═════ Records for the exercise ═════
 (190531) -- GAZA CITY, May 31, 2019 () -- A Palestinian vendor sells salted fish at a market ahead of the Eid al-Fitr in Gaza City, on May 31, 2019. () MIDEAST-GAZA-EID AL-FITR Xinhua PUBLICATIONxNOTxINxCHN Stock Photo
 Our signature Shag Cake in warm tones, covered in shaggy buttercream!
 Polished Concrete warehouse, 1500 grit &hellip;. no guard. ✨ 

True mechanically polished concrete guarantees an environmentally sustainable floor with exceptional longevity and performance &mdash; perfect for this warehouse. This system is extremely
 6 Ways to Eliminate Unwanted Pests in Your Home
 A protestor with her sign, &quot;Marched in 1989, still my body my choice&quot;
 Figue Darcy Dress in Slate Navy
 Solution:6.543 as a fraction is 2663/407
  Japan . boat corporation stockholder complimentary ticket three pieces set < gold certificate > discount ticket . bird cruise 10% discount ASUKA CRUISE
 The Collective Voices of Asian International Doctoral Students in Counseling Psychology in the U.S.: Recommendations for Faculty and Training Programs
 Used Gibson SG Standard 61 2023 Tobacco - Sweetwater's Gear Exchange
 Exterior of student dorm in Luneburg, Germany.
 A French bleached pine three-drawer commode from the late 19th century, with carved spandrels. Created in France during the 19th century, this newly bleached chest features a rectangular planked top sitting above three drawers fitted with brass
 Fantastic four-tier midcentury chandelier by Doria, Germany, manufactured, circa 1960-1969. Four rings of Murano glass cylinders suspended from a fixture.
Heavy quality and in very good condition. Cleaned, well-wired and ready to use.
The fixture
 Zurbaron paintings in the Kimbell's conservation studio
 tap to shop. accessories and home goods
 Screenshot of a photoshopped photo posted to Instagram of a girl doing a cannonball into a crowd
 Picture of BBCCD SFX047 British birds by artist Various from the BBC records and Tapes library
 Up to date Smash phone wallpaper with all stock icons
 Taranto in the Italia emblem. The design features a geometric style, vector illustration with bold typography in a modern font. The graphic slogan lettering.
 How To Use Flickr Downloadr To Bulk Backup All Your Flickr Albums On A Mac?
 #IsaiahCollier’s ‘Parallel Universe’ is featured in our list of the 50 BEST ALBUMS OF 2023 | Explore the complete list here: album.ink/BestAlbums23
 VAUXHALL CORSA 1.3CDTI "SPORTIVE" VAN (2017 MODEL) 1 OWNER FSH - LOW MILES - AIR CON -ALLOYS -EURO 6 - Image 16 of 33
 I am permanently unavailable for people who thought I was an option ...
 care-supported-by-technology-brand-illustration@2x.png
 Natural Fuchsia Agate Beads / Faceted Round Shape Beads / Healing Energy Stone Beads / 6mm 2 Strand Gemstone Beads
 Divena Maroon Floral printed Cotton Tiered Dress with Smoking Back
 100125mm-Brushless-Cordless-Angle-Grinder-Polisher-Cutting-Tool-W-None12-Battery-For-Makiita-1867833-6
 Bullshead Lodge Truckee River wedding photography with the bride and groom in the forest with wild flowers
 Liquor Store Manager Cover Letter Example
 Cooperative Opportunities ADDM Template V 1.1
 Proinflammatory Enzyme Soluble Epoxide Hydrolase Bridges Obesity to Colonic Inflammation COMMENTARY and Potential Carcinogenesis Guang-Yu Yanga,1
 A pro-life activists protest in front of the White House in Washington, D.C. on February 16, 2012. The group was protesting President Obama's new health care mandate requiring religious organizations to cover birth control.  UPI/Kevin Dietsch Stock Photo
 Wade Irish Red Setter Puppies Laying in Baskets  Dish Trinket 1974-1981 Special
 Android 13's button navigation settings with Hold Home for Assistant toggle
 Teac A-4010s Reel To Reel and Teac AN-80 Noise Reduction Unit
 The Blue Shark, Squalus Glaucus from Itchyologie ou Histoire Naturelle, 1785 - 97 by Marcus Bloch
═════
■ **Aim of the exercise**
Where a line above holds the string "Germany", copy that line.

■ **Written solution**
 Exterior of student dorm in Luneburg, Germany.
 Fantastic four-tier midcentury chandelier by Doria, Germany, manufactured, circa 1960-1969. Four rings of Murano glass cylinders suspended from a fixture.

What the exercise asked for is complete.